Supplied material Block Start

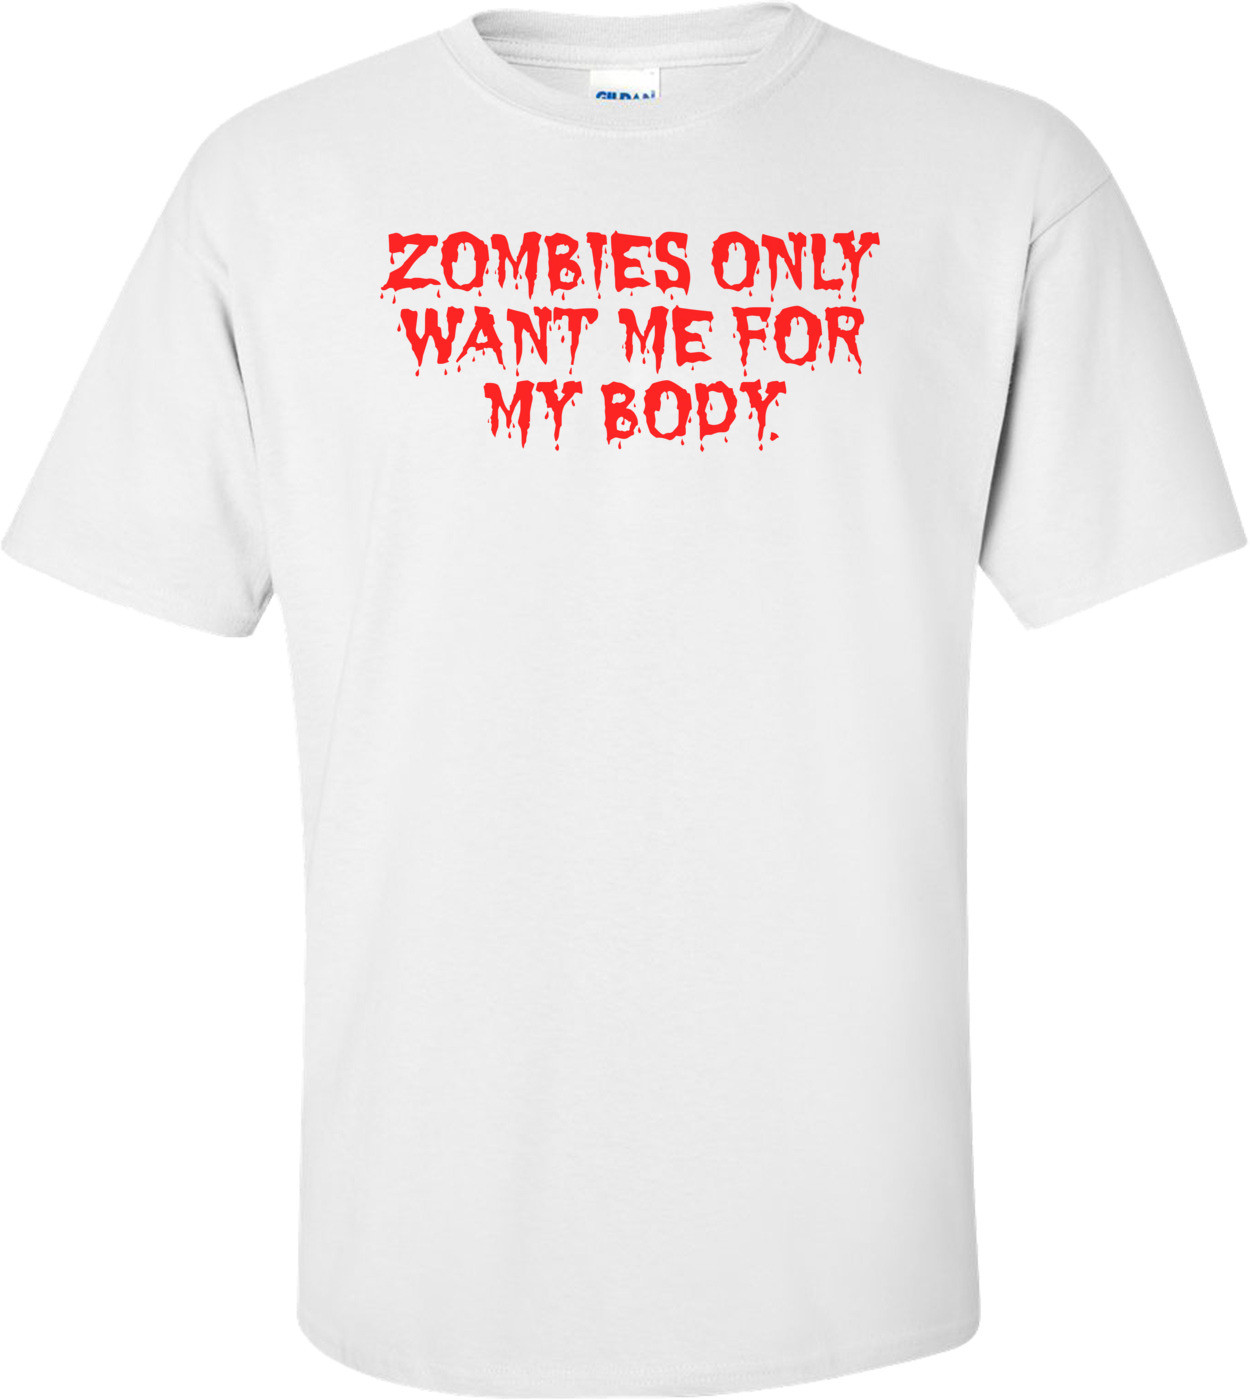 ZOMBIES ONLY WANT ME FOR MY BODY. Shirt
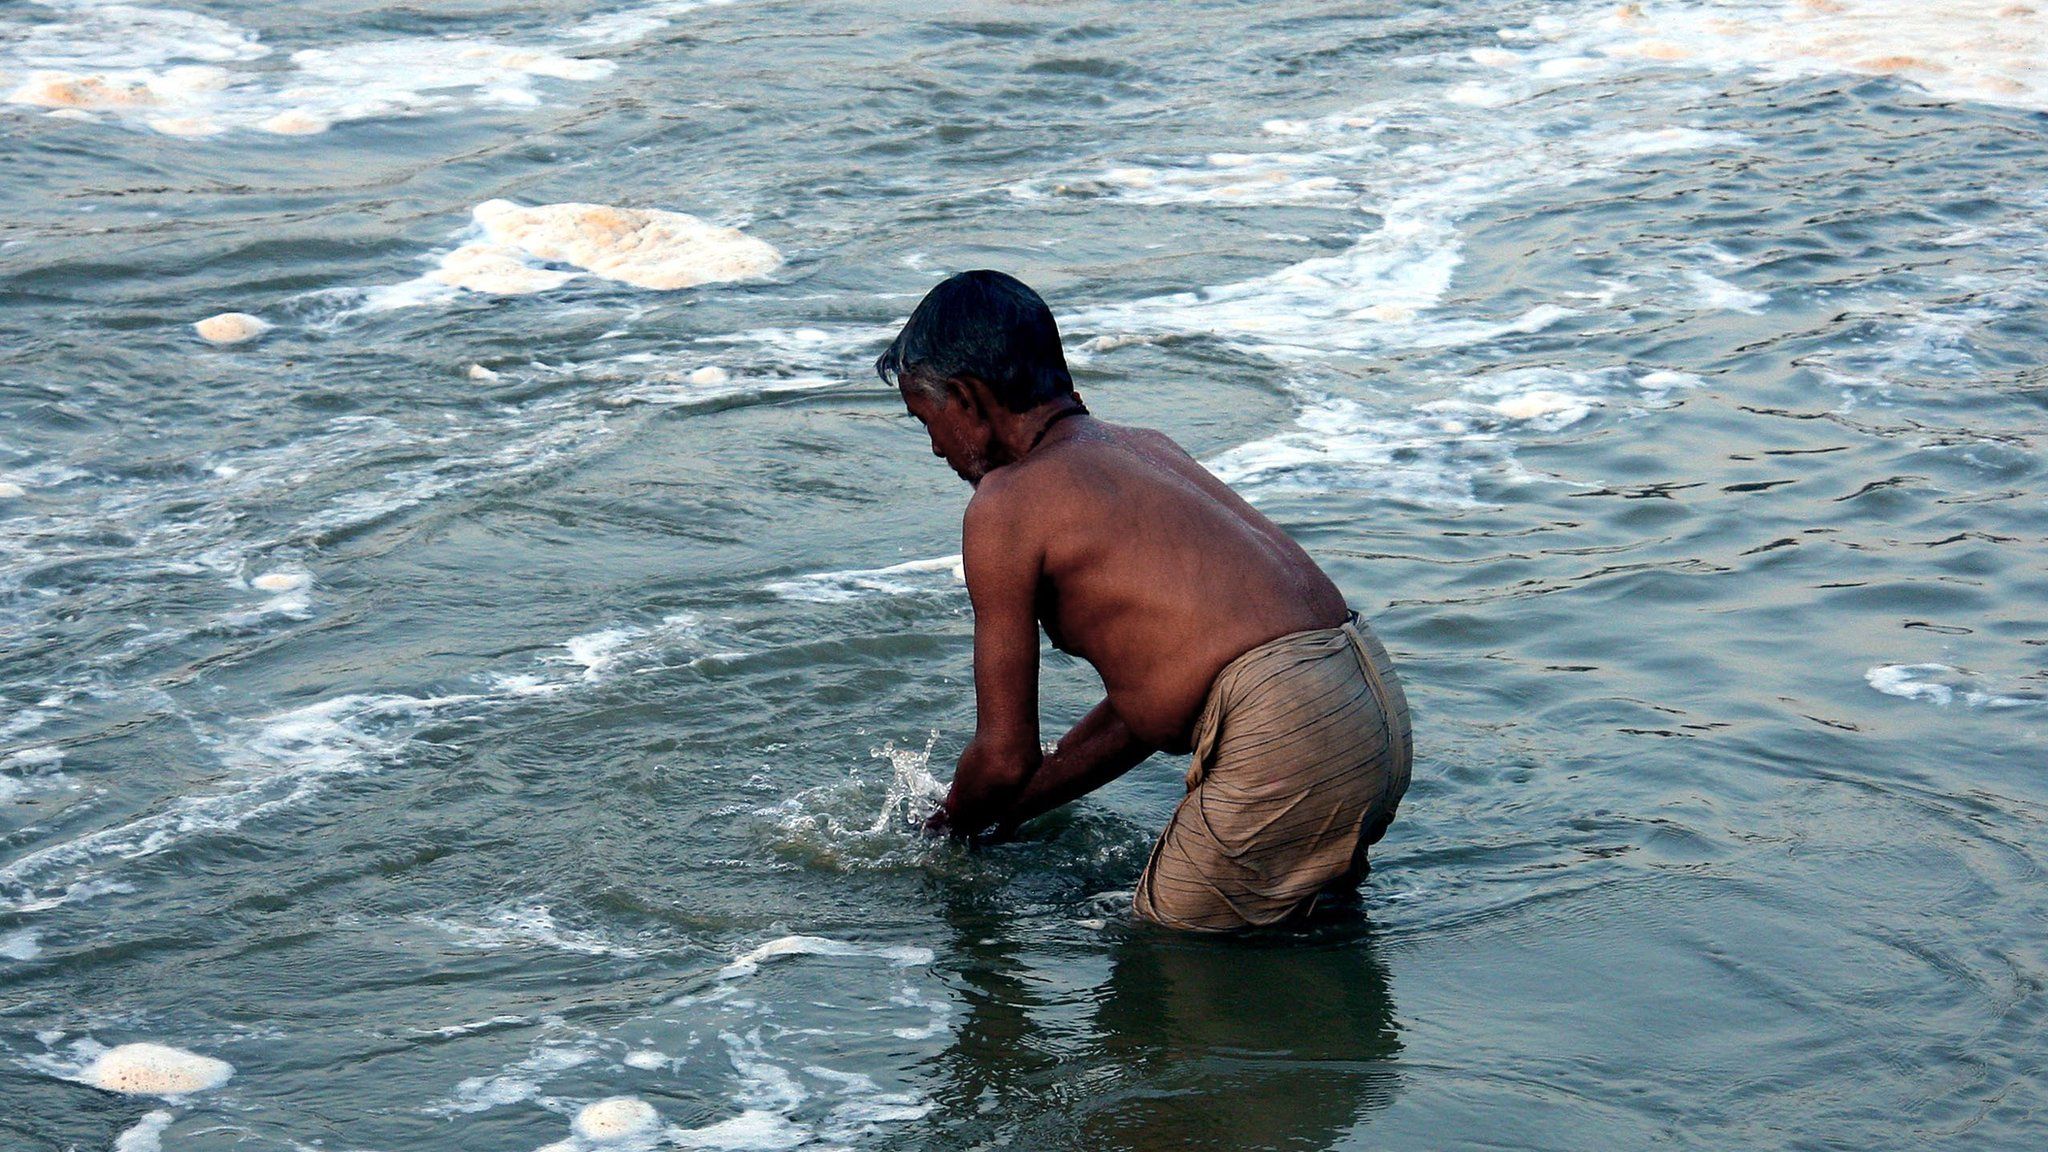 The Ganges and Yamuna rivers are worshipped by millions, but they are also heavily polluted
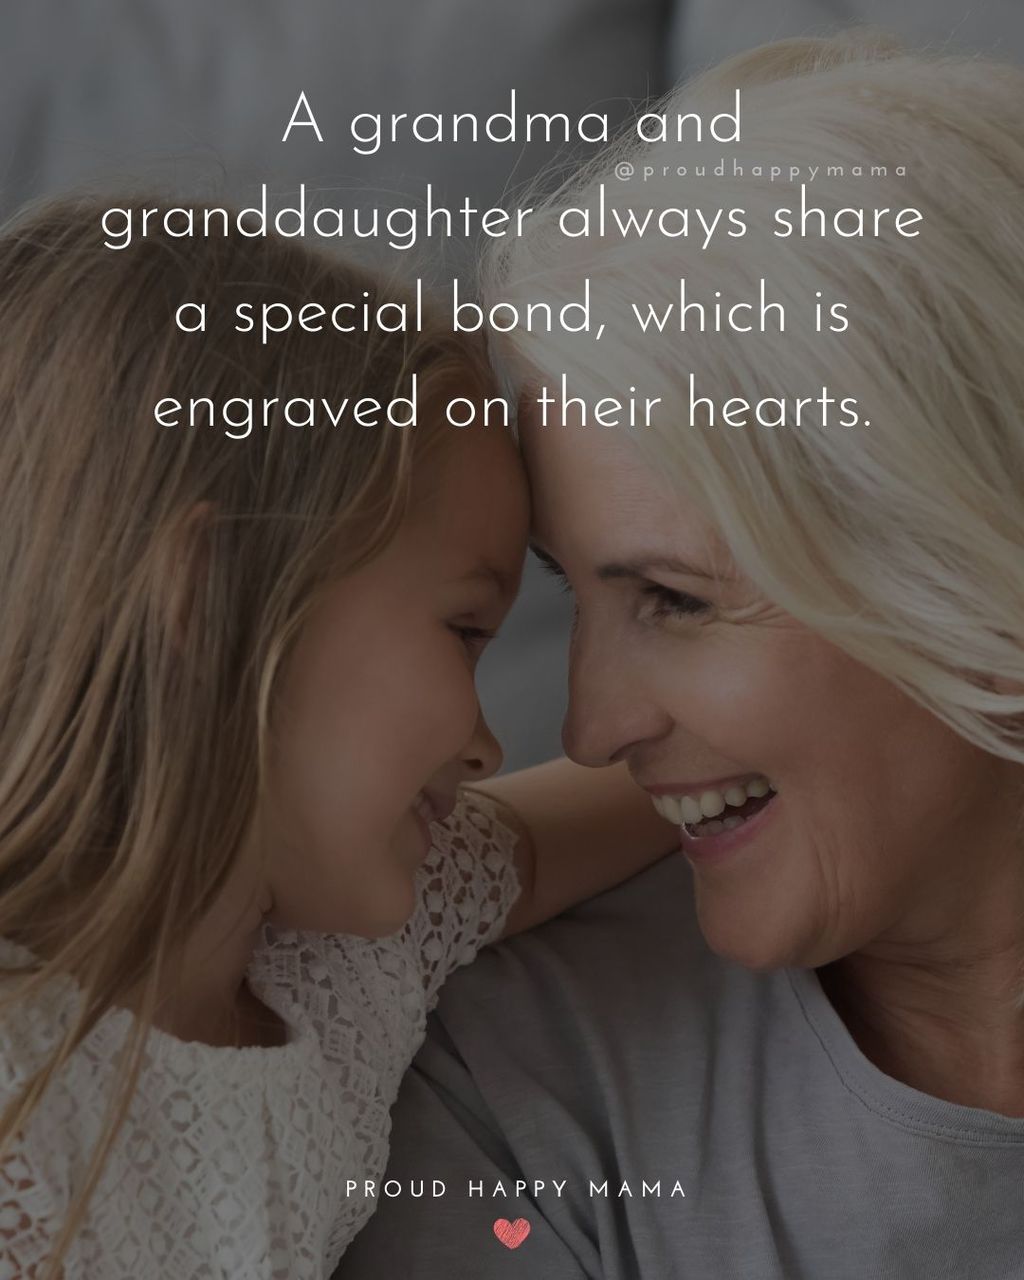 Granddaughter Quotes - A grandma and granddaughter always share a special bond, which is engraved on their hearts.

Supplied material Block End

### Work to complete:
What is needed is an exact copy of the data, with the pictures removed.

### Answer section:
 ZOMBIES ONLY WANT ME FOR MY BODY. Shirt
 The Ganges and Yamuna rivers are worshipped by millions, but they are also heavily polluted
 Granddaughter Quotes - A grandma and granddaughter always share a special bond, which is engraved on their hearts.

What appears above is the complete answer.